The Lincolns thoroughly enjoyed the play, and each other’s company. Mary nestled against her husband and they held hands, laughing and teasing. “What will Miss Harris think of my hanging onto you so?” Mary whispered. Smiling, Lincoln told her, “She won’t think anything about it.” Meanwhile, John Wilkes Booth steadied his nerves with brandy at a tavern next door and kept his eyes on the clock.

Shortly after ten o’clock, while the play was in its third act, Booth entered the front of the theater. He ascended the stairs to the second level, where several members of the audience noticed him walk down the aisle, behind the dress circle, to the presidential box. He showed his calling card and was allowed inside. A few moments later, as the audience laughed at a humorous line, Booth pointed his derringer at the back of Lincoln’s head and fired. Fighting off Major Rathbone’s attempts to stop him, Booth jumped to the stage some twelve feet below and shouted the state motto of Virginia, Sic semper tyrannis—“Thus always to tyrants.” Mary screamed in horror, again and again, as the entire theater, at once confused, terrified, and outraged, erupted in pandemonium. His ankle broken from the fall, Booth scurried off the stage and out the back exit to an alley where his horse waited, and within moments he was galloping away into the foggy Washington night.

A doctor in attendance examined the unconscious Lincoln and probed the wound, finding the bullet hole and surmising that the ball was lodged behind his right eye. His body was carried across the street to the home of William Petersen and placed on a bed in a small room at the rear of the first floor. Other physicians now arrived on the scene, including Lincoln’s family doctor and the surgeon general of the United States; all agreed that the wound was fatal and that the president had but a few hours to live.

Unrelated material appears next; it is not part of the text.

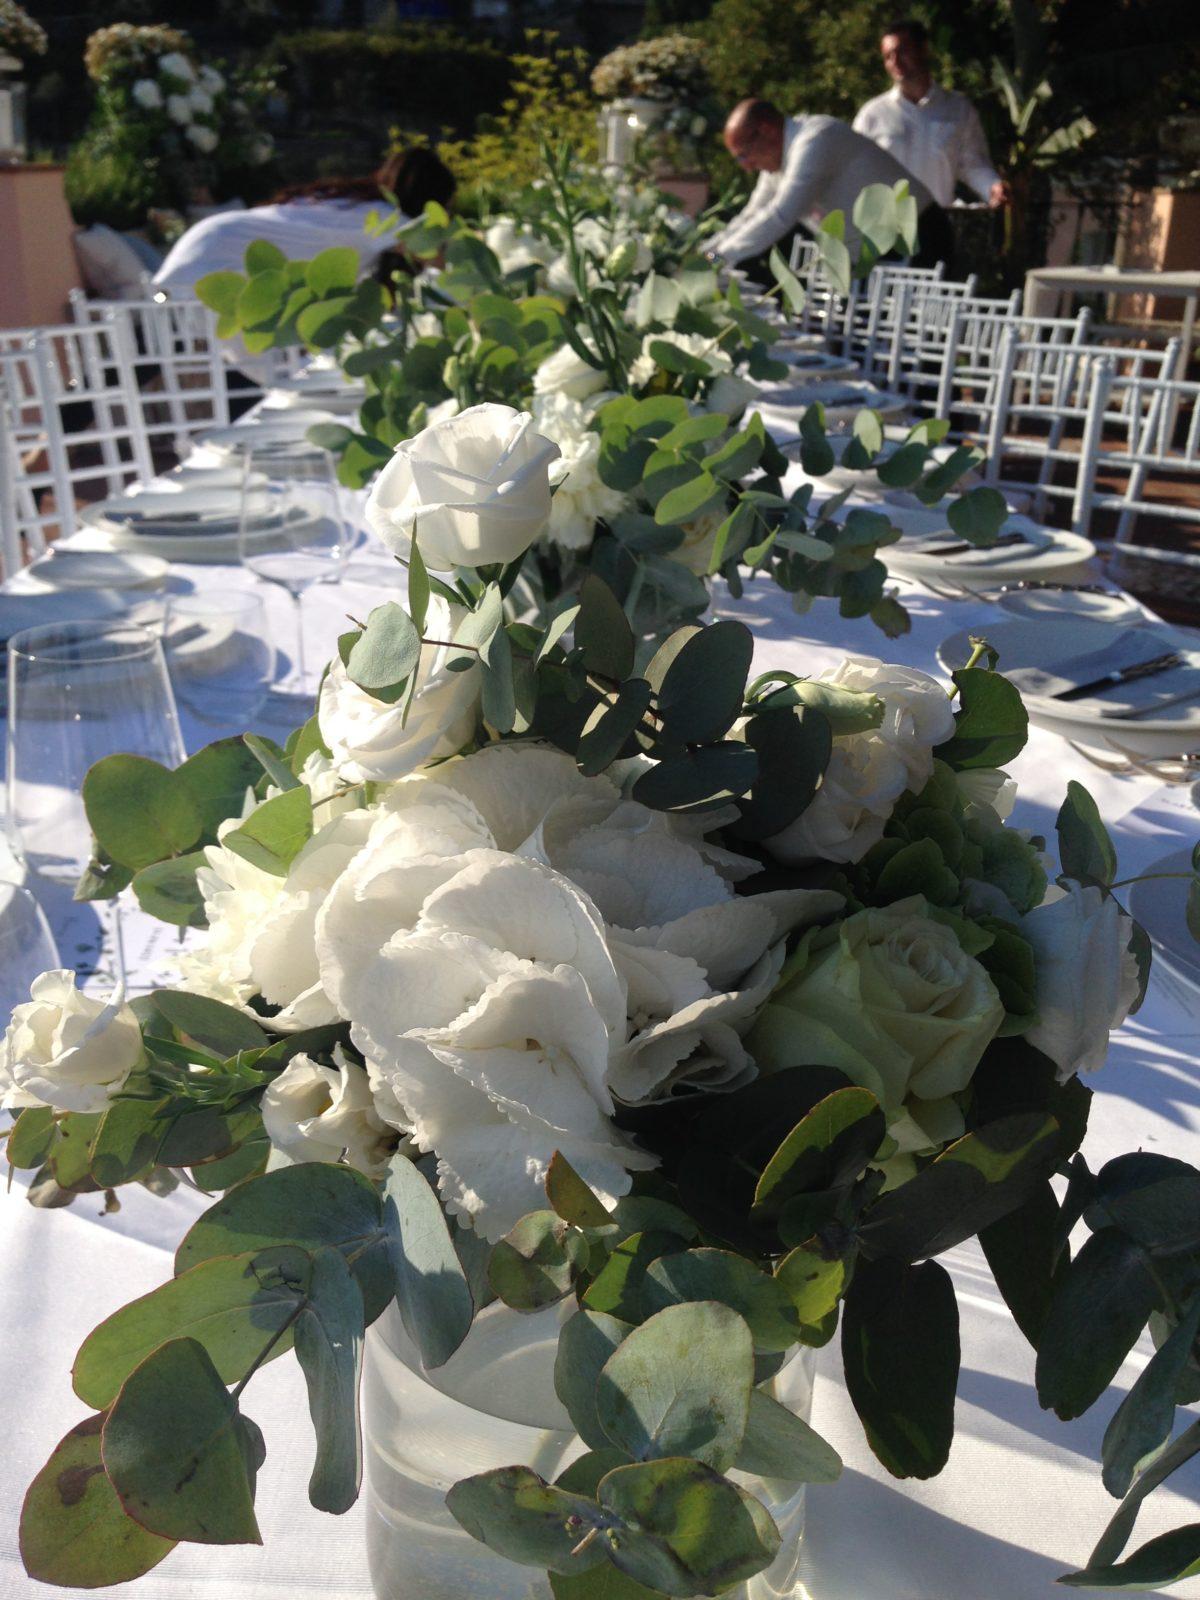 Laura and Jarrod fresh flowers wedding table decorations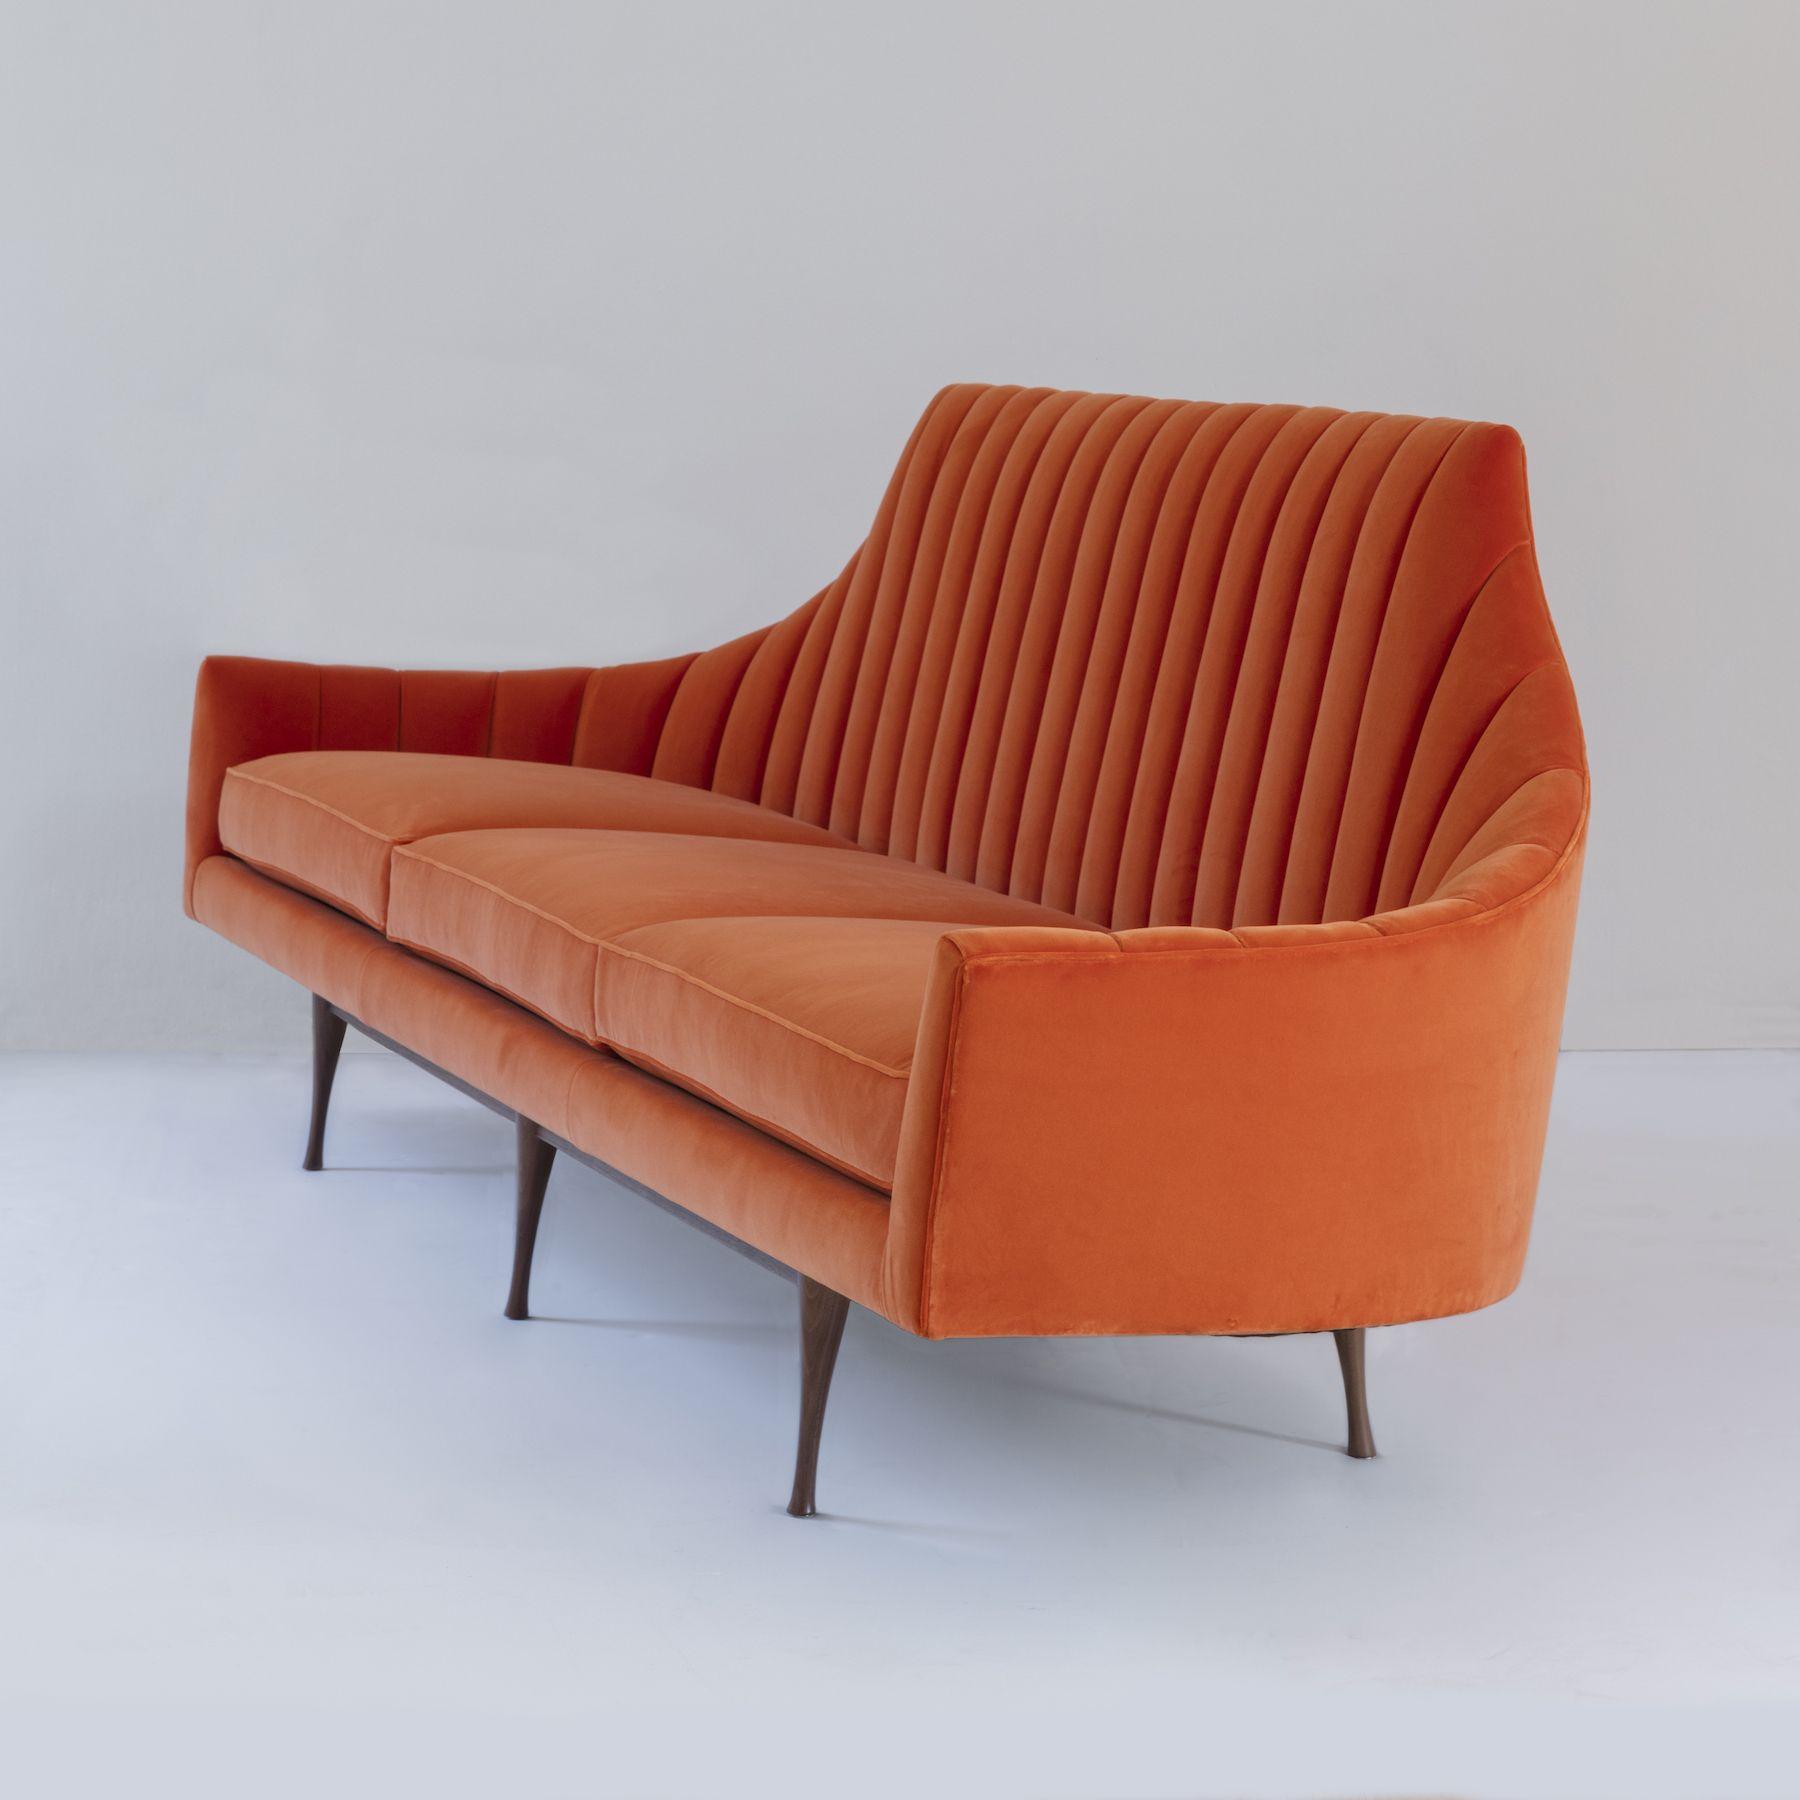 Paul Mccobb Through The Eyes Of Ralph Pucci Paul Mccobb Love Seat Scandinavian Furniture

Edwin Stanton arrived and immediately took charge, interviewing witnesses and conducting a preliminary investigation. He soon learned that William Seward, resting at his home that evening after a serious carriage accident, had been attacked by an accomplice of Booth’s named Lewis Powell. Stanton acted quickly, issuing warrants of arrest and ordering that all bridges and roads leading out of the capital be closed. By dawn a massive manhunt for Booth and Powell was under way.

Soon Robert Lincoln arrived at the Petersen house, as did senators, congressmen, and cabinet members. While Gideon Welles, among others, kept vigil alongside Lincoln’s bed, Mary sobbed uncontrollably in the front room. Several times it seemed that Lincoln stopped his labored breathing, and Mary was allowed in, where she kissed him and called him “every endearing name.”34 And several times Lincoln seemed to rally, keeping impossible hopes faintly alive.

He breathed his last at 7:22 on the morning of April 15. “Now he belongs to the ages,” said Stanton in a final salute. A minister offered a brief prayer, and one of the physicians informed Mary, “The President is no more.”35 He was fifty-six years of age.

It is one of the cruel paradoxes of American history that Abraham Lincoln, whose heart was filled with compassion and love for his nation and his fellow human beings, North and South, should have been killed by a man whose soul was filled with hate in a theater loved by both the killer and his victim. The larger paradox is that a man who longed for peace and goodwill was called to preside during his days in the White House over one of the bloodiest and most destructive wars in human history. But perhaps the greatest of our presidents would have confronted such puzzling paradoxes in the words he had invoked on other occasions: “The Almighty has his own purposes.”